— Sabato sia, Gesu! — повторила Кандия с благоговейным чувством, дотрагиваясь ладонью растопыренной руки до своего живота, в котором трепетало живое создание. — Да спасет Господь Бог твое потомство, синьора!

— Отчего ты ничего не ешь сегодня? — продолжала она. — У тебя нет аппетита. Ты жалеешь маленькую невинную душу. Твой муж тоже ничего не ест. Погляди!

— Сколько народу умирает здесь… таким образом? — спросила ее Ипполита.

— Ох! — ответила Кандия, — у нас плохое место. Очень уж тут дурной народ. Никогда нельзя быть спокойным. Здесь Sabato sia, Gesu.

И повторив заклинание, она продолжала, указывая на стоявшее на столе блюдо:

— Посмотри-ка на эту рыбу. Это морская рыба. Ее принес Туркино.

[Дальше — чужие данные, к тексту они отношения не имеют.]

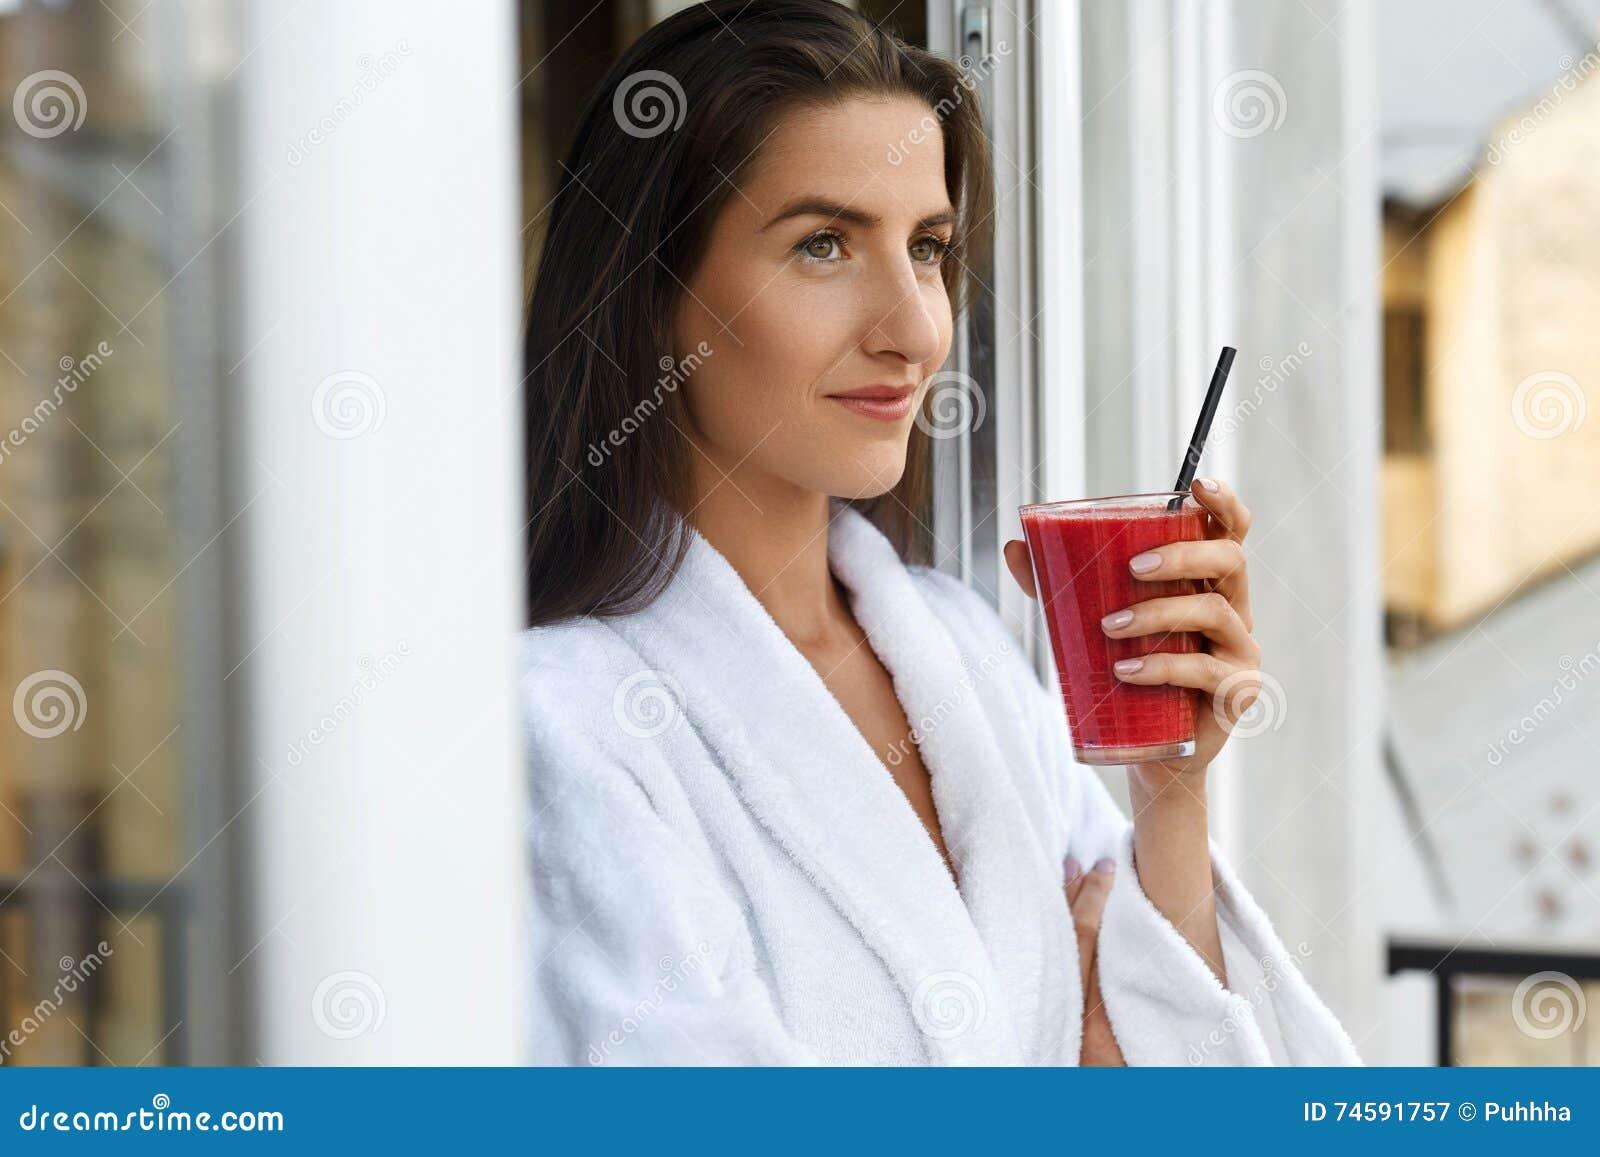 Régime de Detox Femme en bonne santé buvant Juice In Morning frais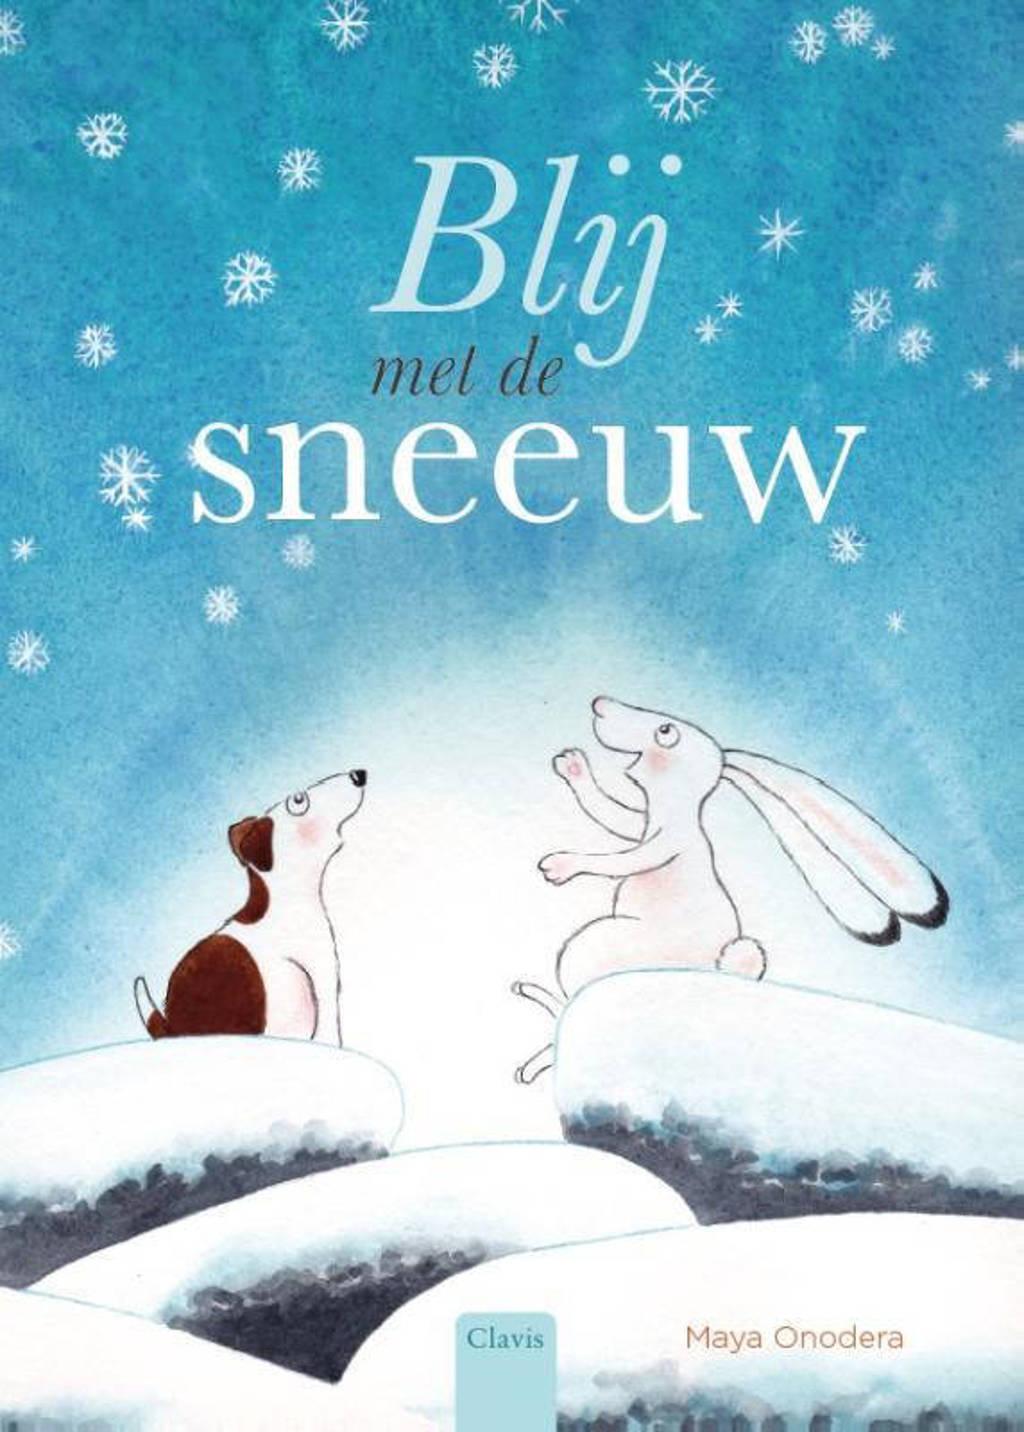 Blij met de sneeuw - Maya Onodera

И понижая голос, она добавила:

— Хочешь знать? Туркино со всей семьей уже почти целый год находится во власти нечистой силы и до сих пор не может освободиться от нее.

— Кто это — Туркино? — спросил Джиорджио, не спускавший глаз с лица женщины под впечатлением всей этой таинственности. — Это, кажется, человек, который занимается рыбной ловлей там, на мысу?

Он помнил землистое лицо этого человека величиной немногим больше кулака, со слабо развитым подбородком и длинным, острым, как морда щуки, носом между маленькими блестящими глазками.

— Да, синьор. Погляди в ту сторону. Если у тебя хорошее зрение, то ты увидишь его. Сегодня ночью он ловит рыбу при лунном свете.

Кандия указала на черные скалы с огромным приспособлением для рыбной ловли, состоящим из грубо обделанных бревен, досок и канатов и белевшим вдалеке наподобие колоссального скелета допотопного земноводного.

В тишине ночи слышался скрип ворот. Отлив оставлял скалы голыми, а запах водорослей поднимался по берегу, заглушая своей силой и свежестью благоухание плодородного холма.

— Ах, какая прелесть! — прошептала Ипполита, вдыхая в себя опьяняющий запах, закрывая глаза и наслаждаясь сильным ощущением, заставлявшим вздрагивать ее ноздри. — Ты разве не чувствуешь, Джиорджио?

Он внимательно слушал, что говорила Кандия, и представлял себе немую драму, висевшую над морем. Его душа, по природе суеверная и склонная к таинственности, придавала образам, вызванным наивной женщиной, безгранично трагическую, ужасную жизненную силу.

— Да, у нас плохое место, — повторила Кандия, покачивая головой. — Но скоро придет Мессия из Каппелле и очистит землю…

— Мессия?

— Послушай-ка, отец, — крикнула Кандия, глядя на дверь своего дома. — Когда придет Мессия?

Старик показался на пороге.

— В один из этих дней, — ответил он.

И, повернувшись в сторону залитого лучами берега вблизи Ортоны, он указал широким жестом, откуда должен был прийти новый освободитель, в которого верил народ и на которого он возлагал все свои надежды.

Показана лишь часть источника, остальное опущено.